The next batch of features are similar in design to the Musical Stages, in that you are given three screens to move between in order to unlock several. For A City of Song you have three pages of Salzburg scenery which allows you to unlock numerous features on the various famous sites of Salzburg. I have to admit that I didn't actually run through all of these as my allotted time for this review was two days. But I did flip through them and they do provide interesting information on the locations used in the film.

Under the Vintage Programs: The Sound of Music we are treated to some features that are of poorer picture quality, which is understandable as many of them are quite old now. First up is The Sound of Music: From Fact to Phenomenon (1 hr, 27 min, 22 sec. This is a pretty thorough documentary that looks at many aspects of the phenomenon); My Favorite Things: Julie Andrews Remembers (1 hr, 03 min, 18 sec is another in depth documentary. Although, the title is a little misleading as it implies that this is solely a retrospective piece with Andrews. It's not, she's hardly in it at all); Julie Andrews and Christopher Plummer: A Reminiscence (19 min, 24 sec informal chat with the two actors as they talk about some of their memories. This was recorded for the movie's 40th anniversary); From Liesel to Gretl (33 min, 33 sec - another 40th anniversary feature which sees all of the children together talking about their memories on the movie); Salzburg Sight and Sound (13 min, 04 sec which sees Charmian Carr, who played Liesel, fronting a fake documentary on her time in Salzburg); On Location with the Sound of Music (22 min, 33 sec Carr presents a look at the locations); and When You Know the Notes to Sing: A Sing-Along Phenomenon (12 min, 50 sec look at the annual Sound of Music sing-along event. This is a 40th anniversary special and sees the actors who played the children in the movie together again on stage).

Under the Vintage Programs: Rogers and Hammerstein section we have Rogers and Hammerstein: The Sound of American Music, 1985 (1 hr, 23 min, 25 sec look back on the writing partners career); and Roger and Hammerstein: The Sound of Movies, 1996 (1 hr, 36 min, 36 sec look at the pair's movies).

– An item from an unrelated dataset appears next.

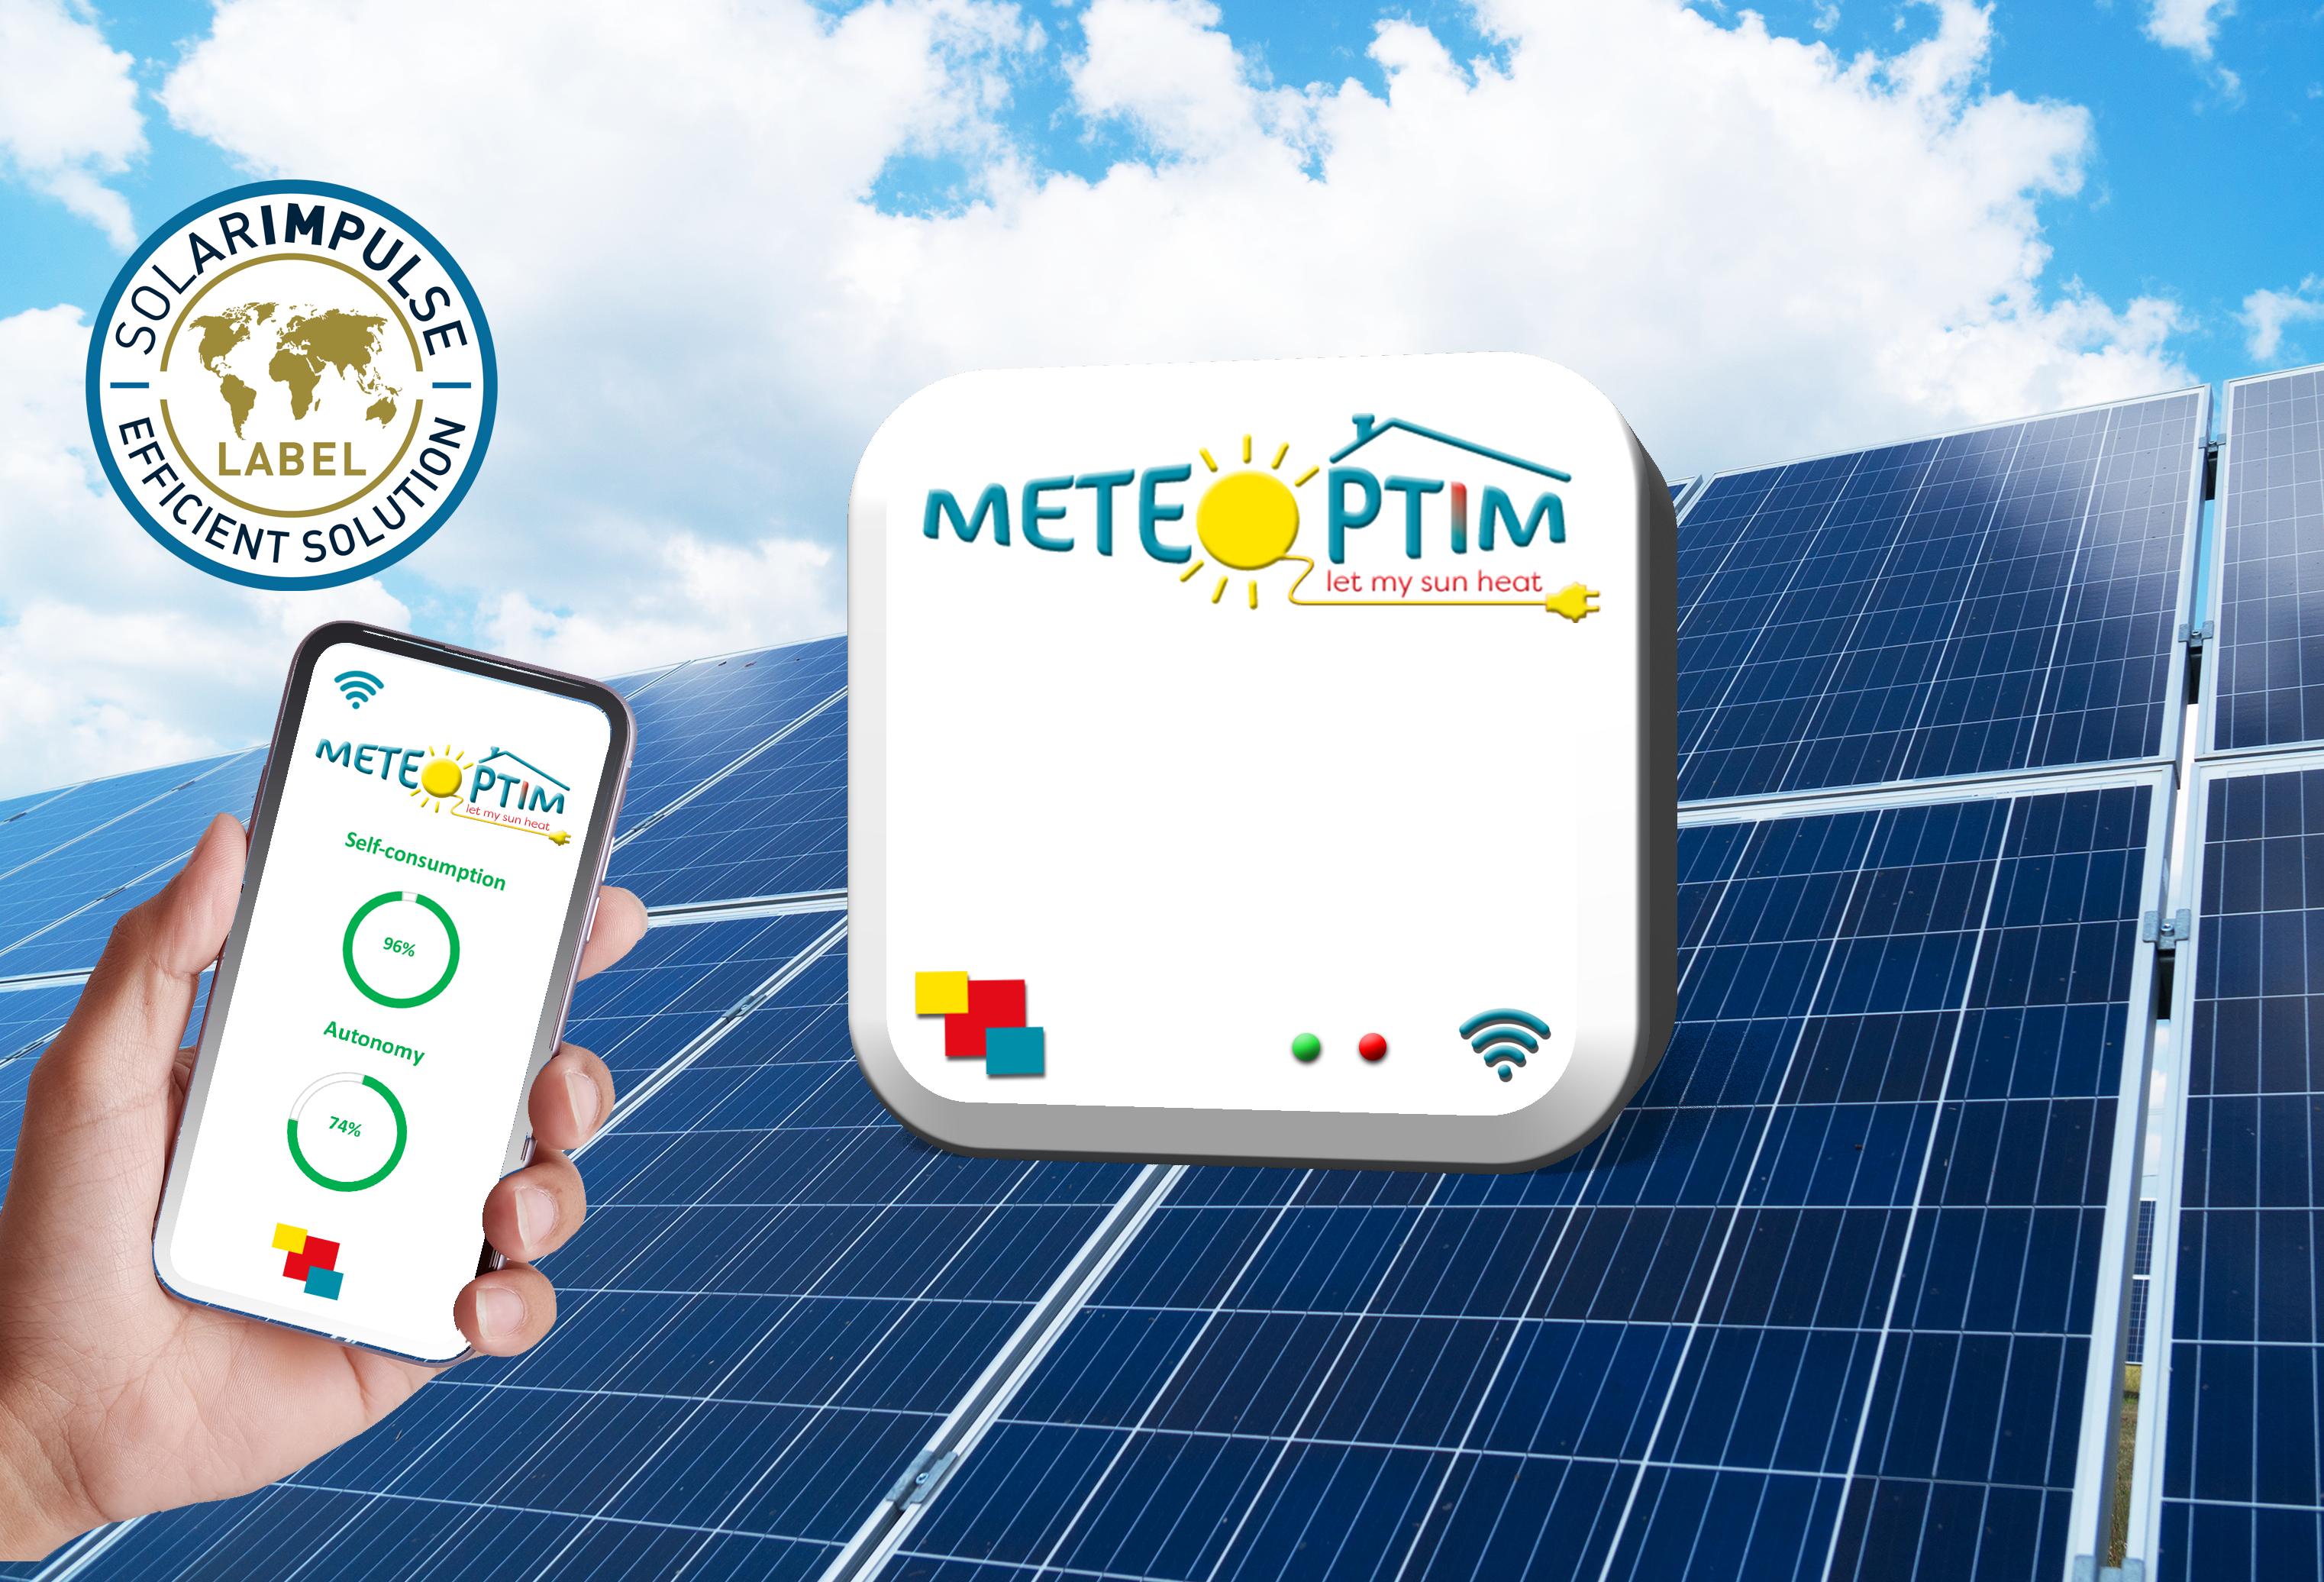 box meteoptim logo solar impulse
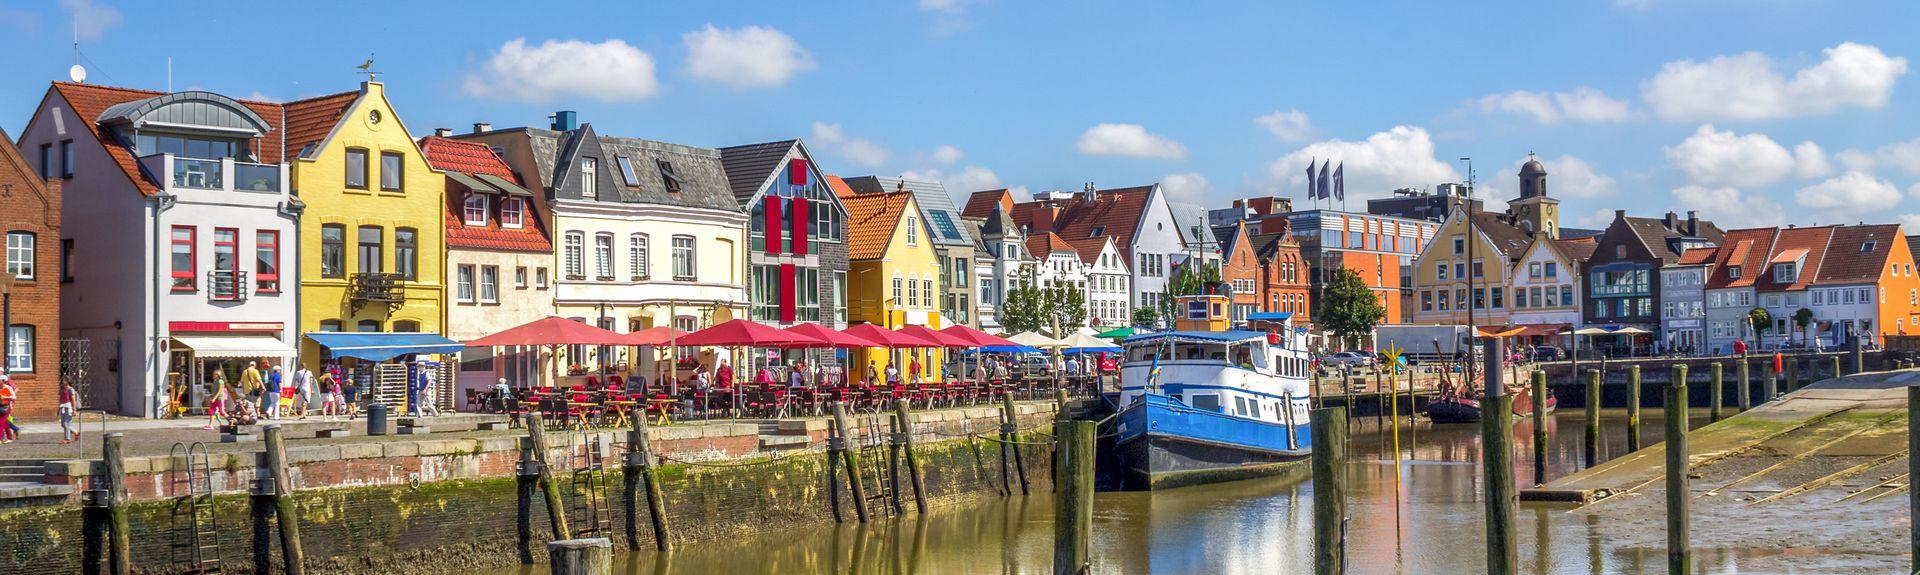 Husum, Germany

Then under Audio Interviews there's a large collection of interviews with cast and crew. Some while the movie was filming and others are more recent.

Under Rare Treasures there's a collection of much older material, including a '70s appearance of Maria von Trapp on The Julie Andrews Show (16 min, 33 sec); Screen Tests; Julie and Carol at Carnegie Hall: The Pratt Family Singers (6 min, 41 sec black and white The Sound of Music spoof); 40th Anniversary DVD into with Julie Andrews (02 min, 10 sec) and Galleries.

The third disc is the DVD which holds the movie and a couple of features which are also on the Blu-ray discs.

Even if you've already got this on DVD it's worth buying on Blu-ray. I can't think of a better way to spend £16?